Y volví no sé qué día, volé a los altares. De una fama no antes vista.
Altares de sumisión perenne. Antes de mí. Antes de mi madre. Antes
de todos y de todas. Venales ejercicios permitidos. O, por lo menos,
encubiertos. Normas difuminadas al soplo. Como queriendo decir que
se van a ejercer castigos. Pero que, no más firmadas, se diluyen en el
inmediato entorno del aire que se esparce. Y, como si nada, emerge
aquí y allá, otra vez la vulneración. Otras Valentinas vuelven al
suplicio. Y sus opciones son, de nuevo degradadas, en ese ejercicio
inmenso, aterrador.

Y nosotros y nosotras aquí. Recreando en corto escenario, lo
impúdico. Y, ella, vuelve a sus trece. Siendo ya niña vieja. Como
añorando el canto a la ramera, de Manolo Galván.
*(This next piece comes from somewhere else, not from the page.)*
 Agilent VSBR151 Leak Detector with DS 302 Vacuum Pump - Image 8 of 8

Como retrotrayendo
a las niñas viejas de antes.

Y Valentina, sigue recordando a padre y madre, en esos soliloquios
propios de quienes se acostumbraron a ver el mundo por la ventana
más estrecha. En uso de unas ilusiones que no tuvieron. Mirando lo
que no pudieron ver. La libertad. Ajena a todos y a todas. Horizonte
asfixiado, lúgubre. Hechizos enfermizos. Scherezada reinventada, de
tanto contar lo que no se debe contar. Una alegría no más. Cuando, en
vientre, sintieron hablar. Madres que balbuceaban “te amo”. Pero

Sin extender la voz en el tiempo. Sin que permanecieran las palabras.
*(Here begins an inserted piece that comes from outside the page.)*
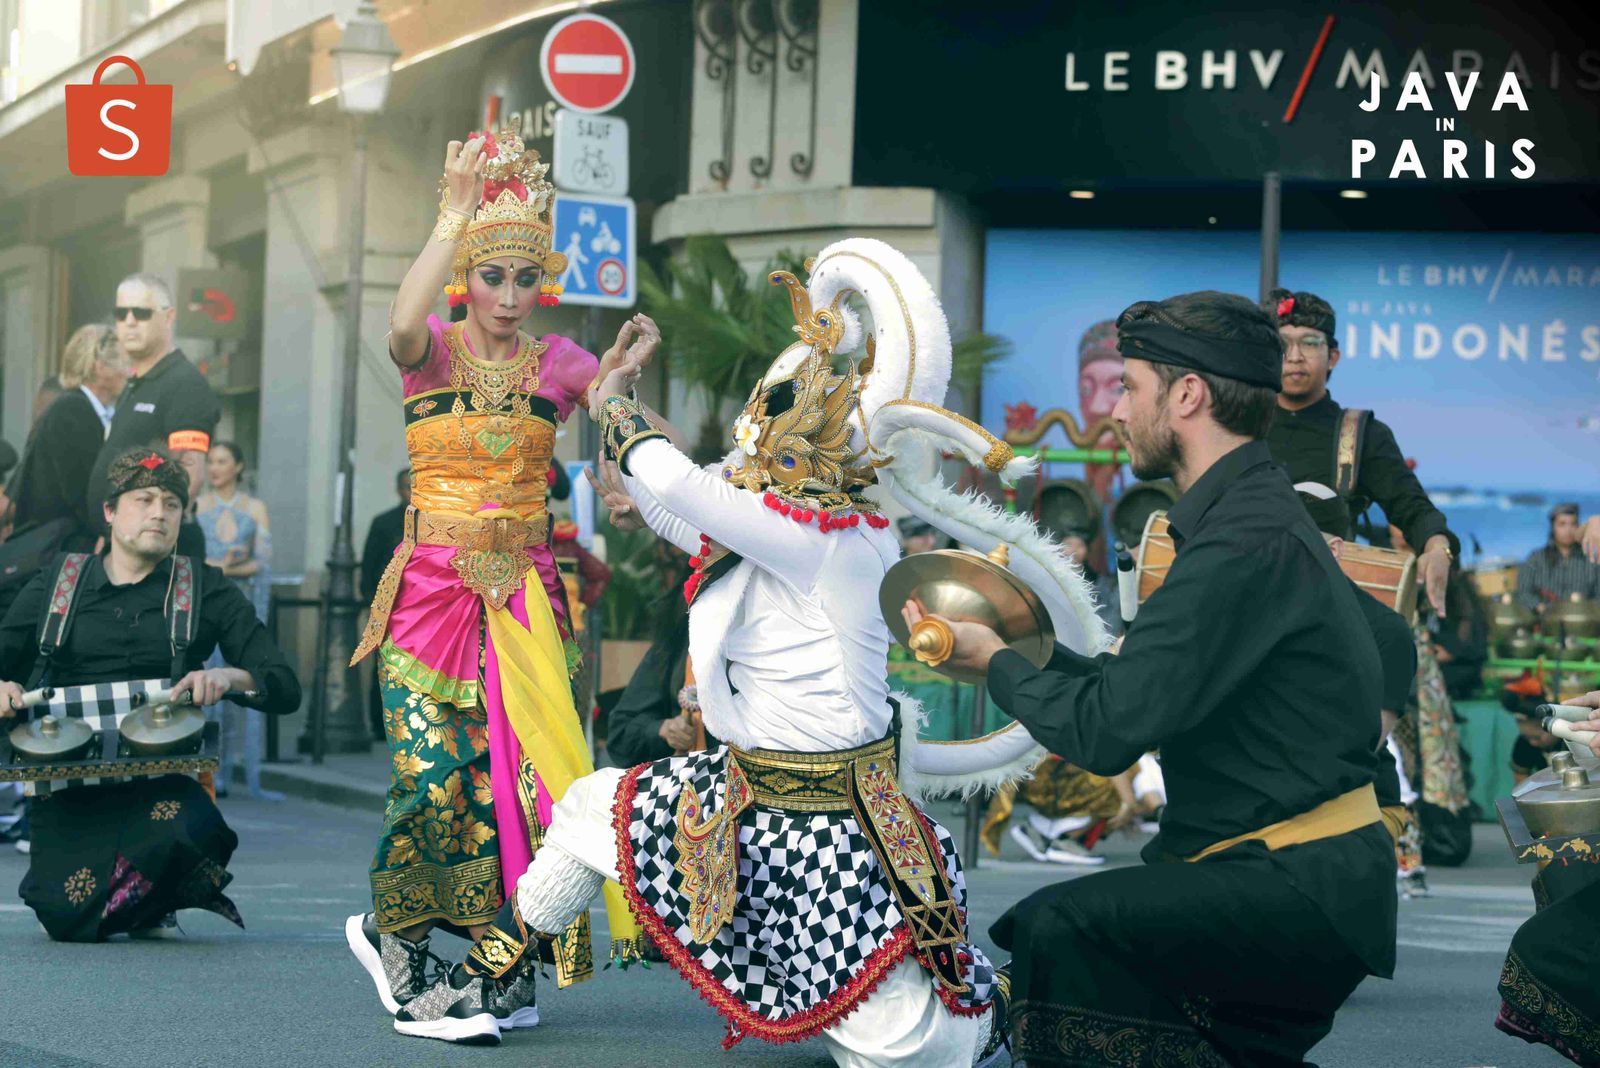 Keseruan Tampilan tarian pada acara Java in Paris

Al garete volaron y se perdieron.

Mi Valentina. La niña que se hizo vieja a los trece. Que no pudo vivir la
vida en libertad y la ilusión primera, reconfortante. Más bien, otorgando
un legado a quienes vienen atrás. Valentinas, Julianas, Tanias…todas
a merced de lo que las normas dicen y desdicen. De dichas apagadas.
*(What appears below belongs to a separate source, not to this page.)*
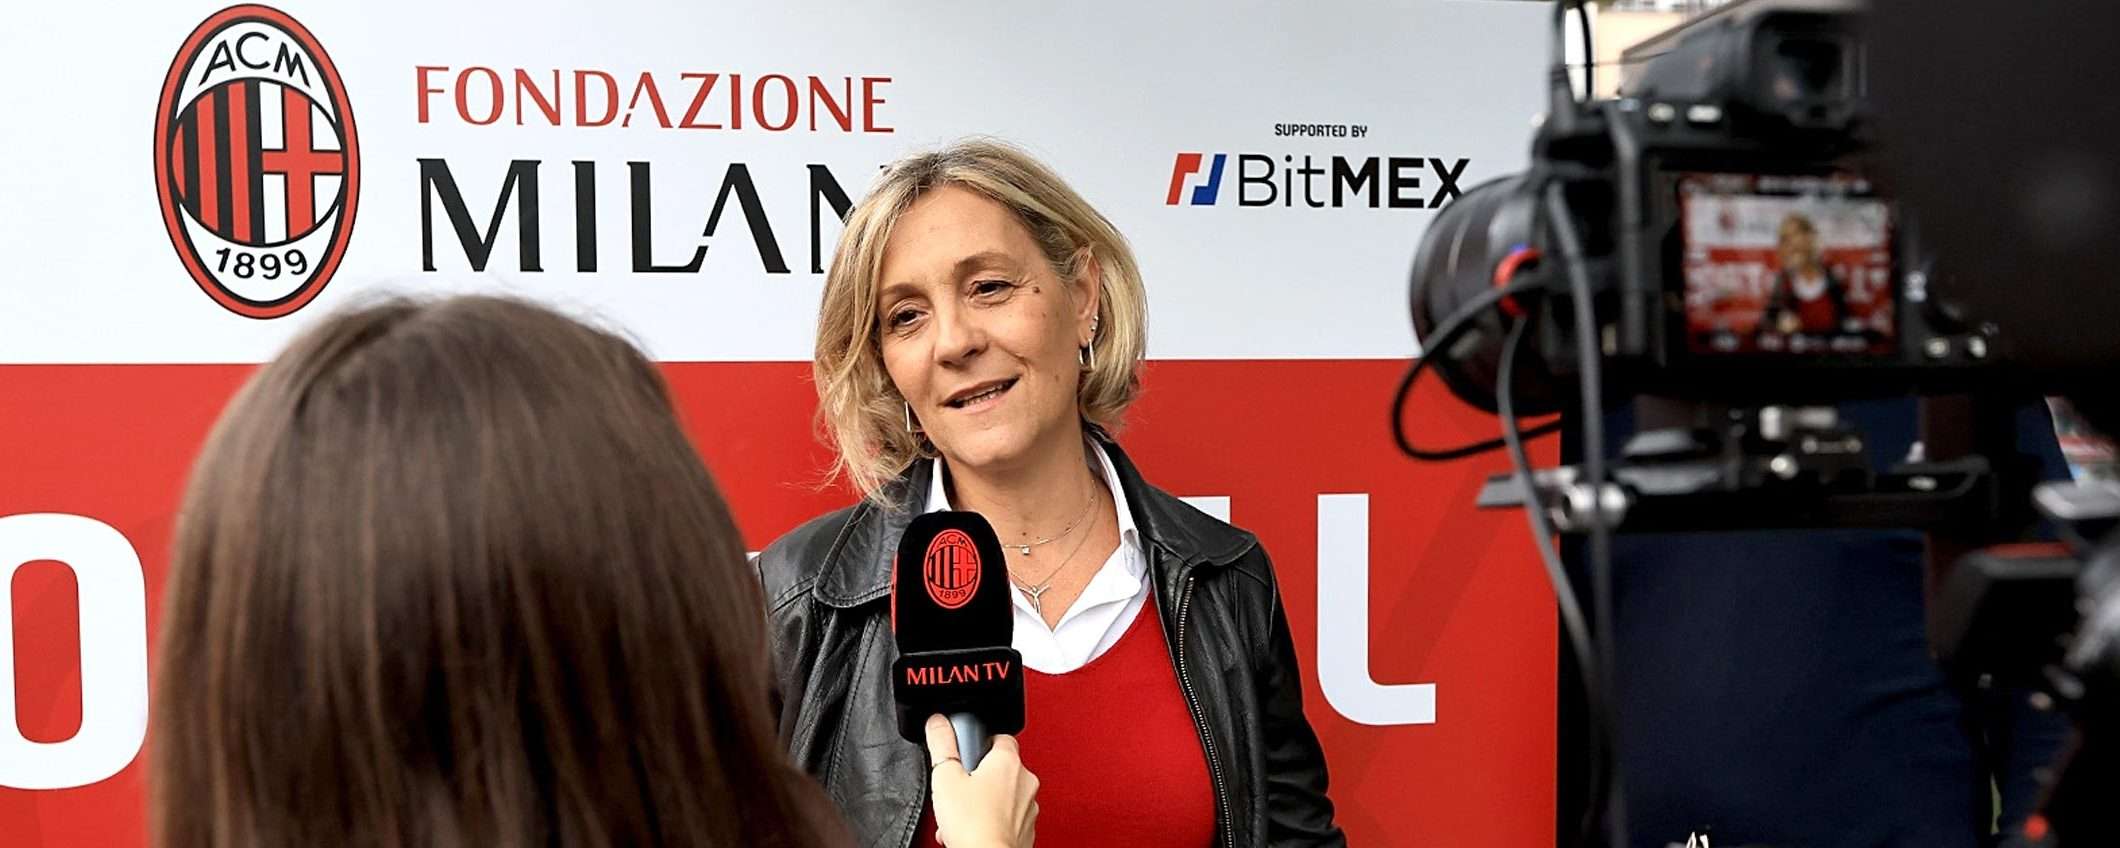 BitMEX per i progetti sociali di Fondazione Milan

Ahí, a pie de boca. Como niñas yunteras, trasgrediendo en género, el
canto de Serrat. Oyendo, en lejano, el “que va a ser de ti lejos de casa,
niña que va a ser de ti”. Escuchando, en ignoto el homenaje a
Valentina, de Isabel Parra y de Ángel Parra.
Y, ella, sigue diciendo que, quiere volar a ras de tierra. Encontrarse con
el mar, como Alfonsina Storni. Como queriendo indicar que ya no va
más. Esa vida atormentada. Ensañamiento brutal. Pérfidos mandarines
venidos a menos. Como diciendo que no quiere volver. Ni a ver el Sol.
Ni a añorar a la vieja Luna nuestra y de todos y todas. Como queriendo
decir, hasta aquí mi vida. Hasta aquí yo. Hasta aquí mi tristeza.